2. The method of claim 1, wherein generating authentication data according to rules agreed upon with the authentication server comprises:
encrypting the characteristic data according to a pre-stored encryption key to generate authentication data, wherein the encryption key is an encryption key which is specified by the authentication server and corresponds to the equipment identifier;
sending the authentication data to an authentication device, comprising:
and sending the corresponding equipment identifier and the authentication data to authentication equipment, so that after the authentication equipment sends the equipment identifier and the authentication data to an authentication server, the authentication server can decrypt the authentication data according to the equipment identifier and authenticate the feature data obtained after decryption.
3. The method of claim 2, wherein the method further comprises:
determining time data generated by a real-time clock (RTC) when an identity authentication request is received;
encrypting the feature data according to a pre-stored encryption key, comprising:
encrypting the characteristic data and the time data according to a pre-stored encryption key;
sending the device identifier corresponding to the authentication device and the authentication data to an authentication device, including:
and sending the device identifier, the encrypted feature data and the encrypted time data to an authentication device, so that after the authentication device sends the device identifier, the encrypted feature data and the encrypted time data to an authentication server, the authentication server can decrypt the encrypted feature data and the encrypted time data according to the device identifier and then authenticate the feature data within a set duration taking the time corresponding to the time data as the starting time.
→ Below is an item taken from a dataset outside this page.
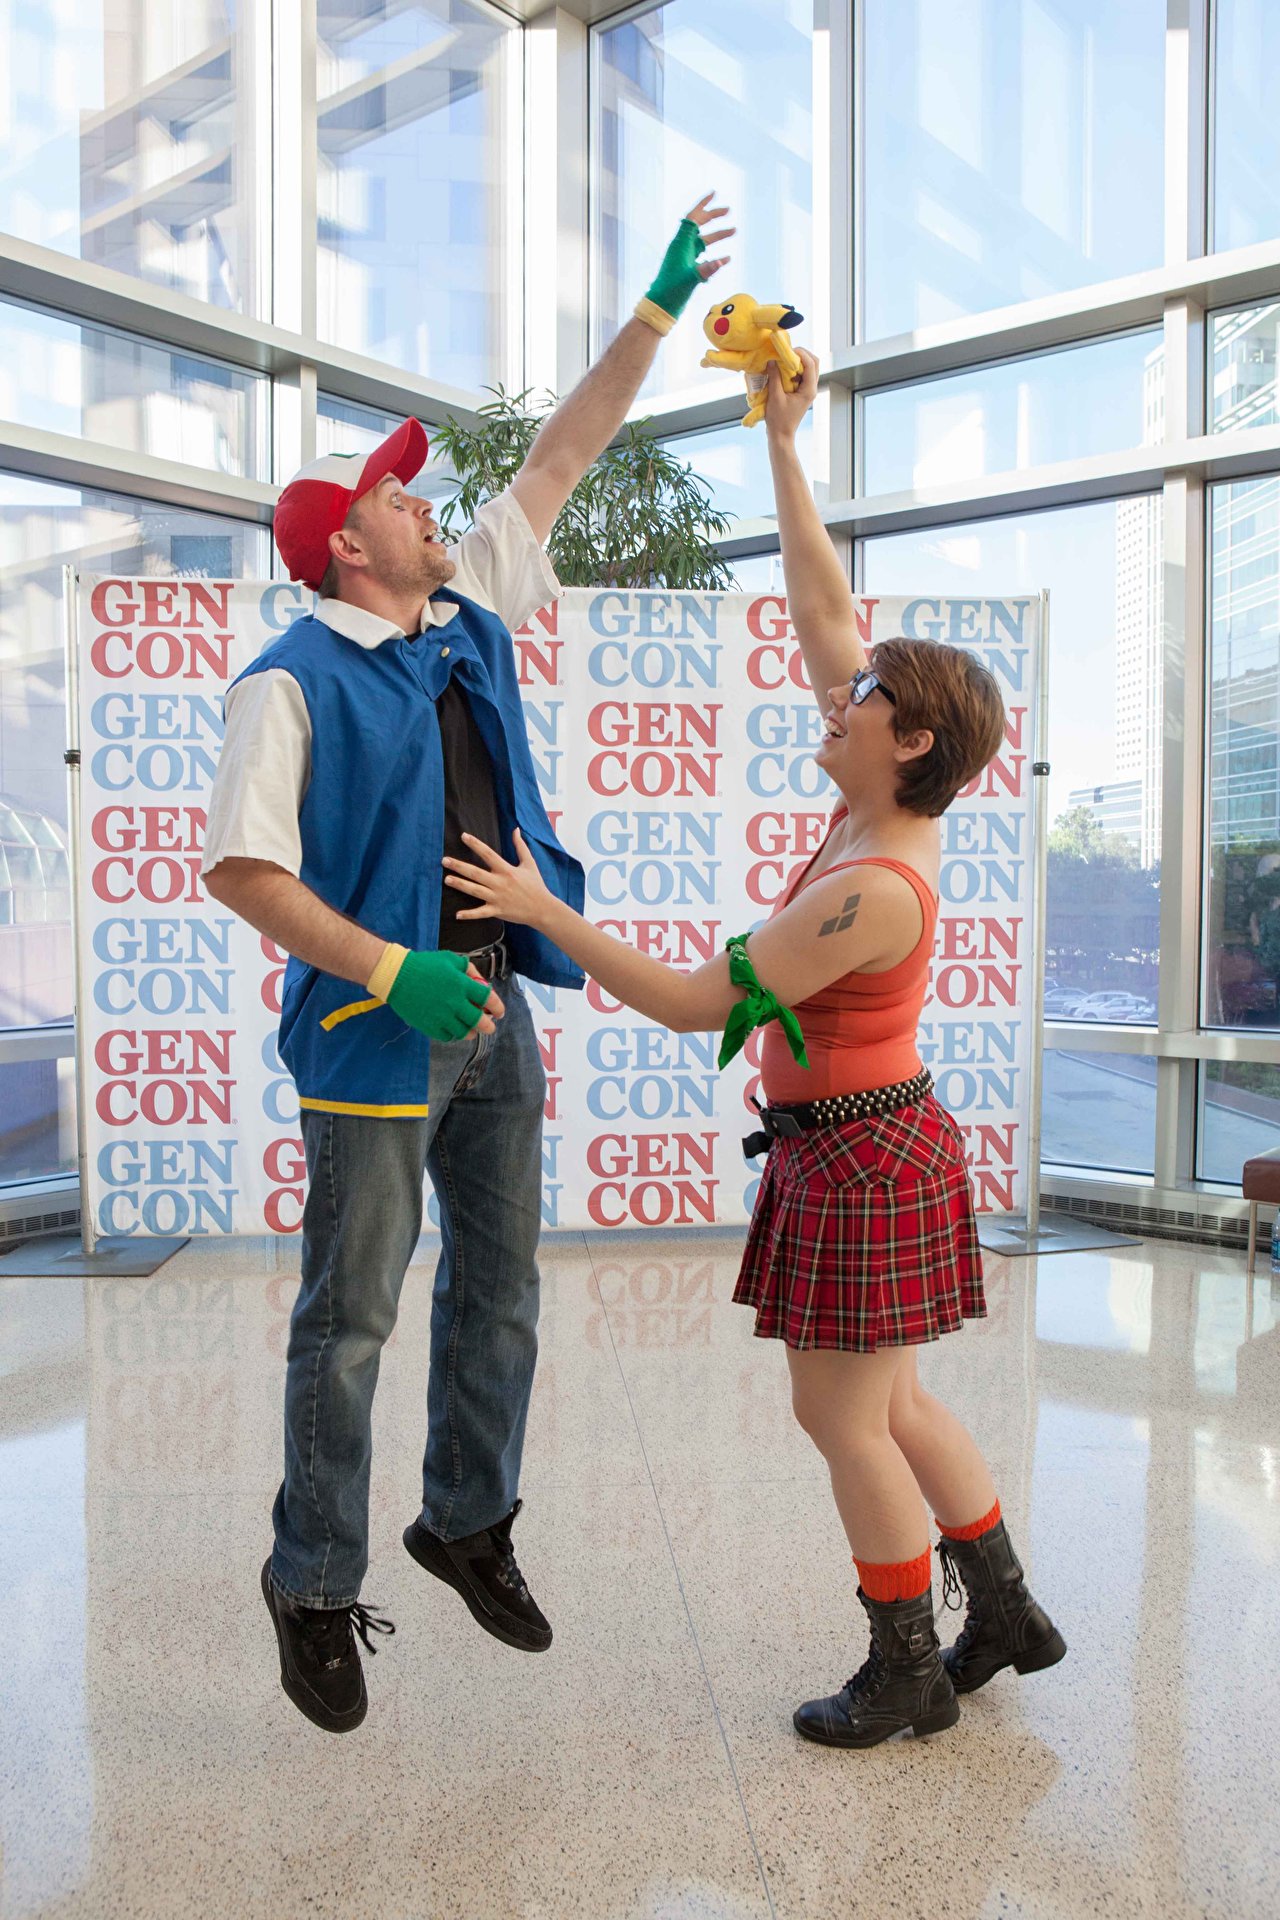 Cospix.net photo featuring Cosplay in America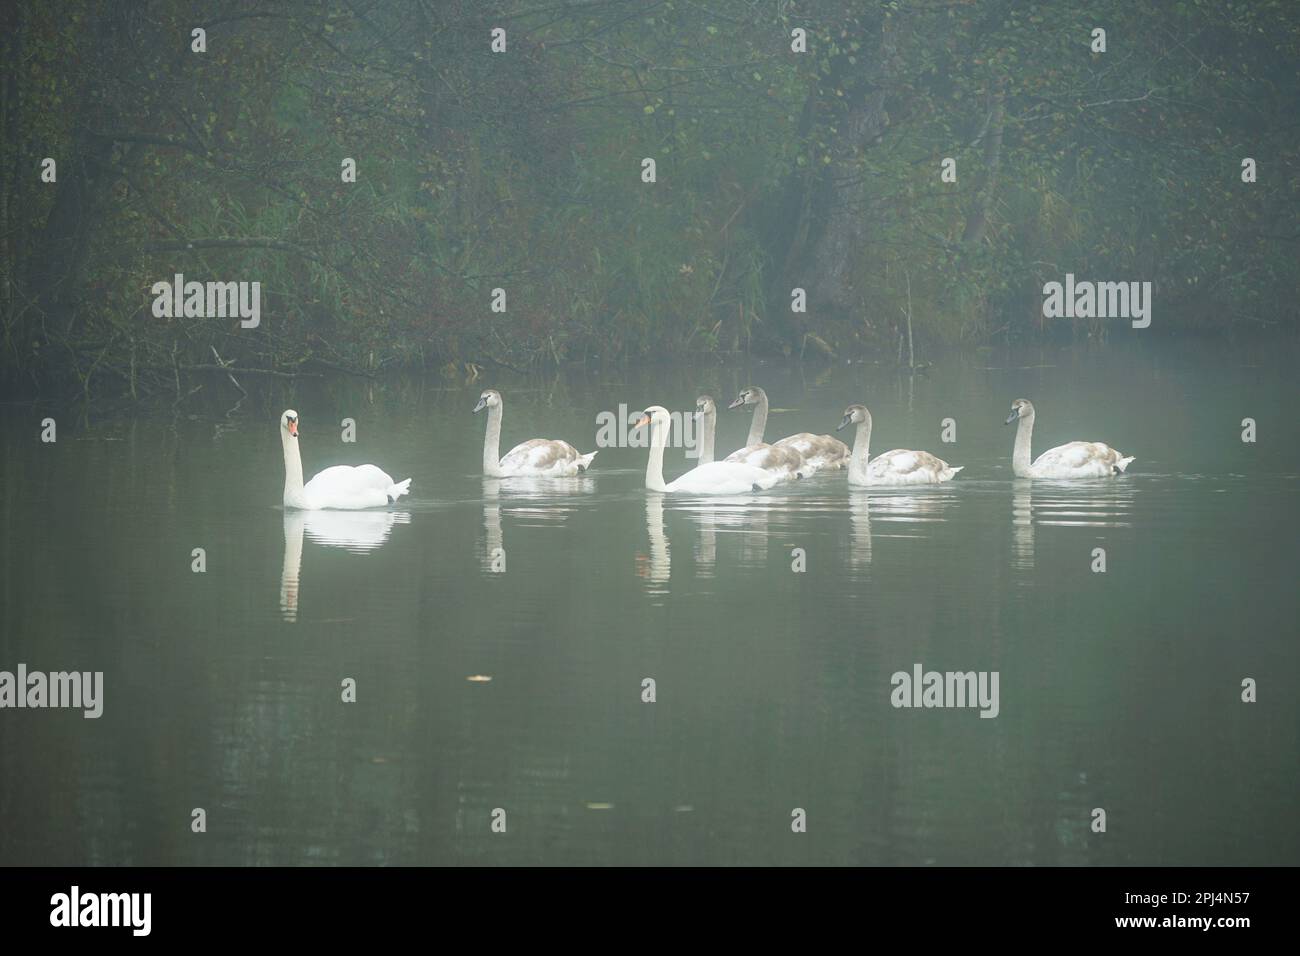 foggy day autumn swans on the river Vils, beautiful animal animals on the water with fog, schöner Herbsttag mit viel Nebel. Stock Photo

4. The method according to any one of claims 1 to 3, wherein the identity authentication request is an identity authentication request sent by an authentication device through radio frequency, or an identity authentication request generated by a user clicking a key or a touch screen.
5. An identity authentication method, applied to an authentication device, includes:
receiving authentication data, wherein the authentication data is generated and sent by an auxiliary authentication device according to characteristic data which is cached in advance and corresponds to user identity information and a rule agreed with an authentication server, and the characteristic data is generated by the authentication server;
sending the received authentication data to the authentication server so that the authentication server can extract the feature data in the authentication data for authentication according to the agreed rule;
wherein, the corresponding relation between the characteristic data and the user identity information is established in the authentication server in the following way:
the authentication server receives an association request which requires association between mobile equipment and auxiliary authentication equipment, wherein the association request carries user identity information corresponding to the mobile equipment and equipment identification corresponding to the auxiliary authentication equipment;
and establishing a corresponding relation between the feature data written into the auxiliary authentication equipment corresponding to the equipment identifier and the user identity information corresponding to the mobile equipment according to the corresponding relation between the stored feature data and the equipment identifier.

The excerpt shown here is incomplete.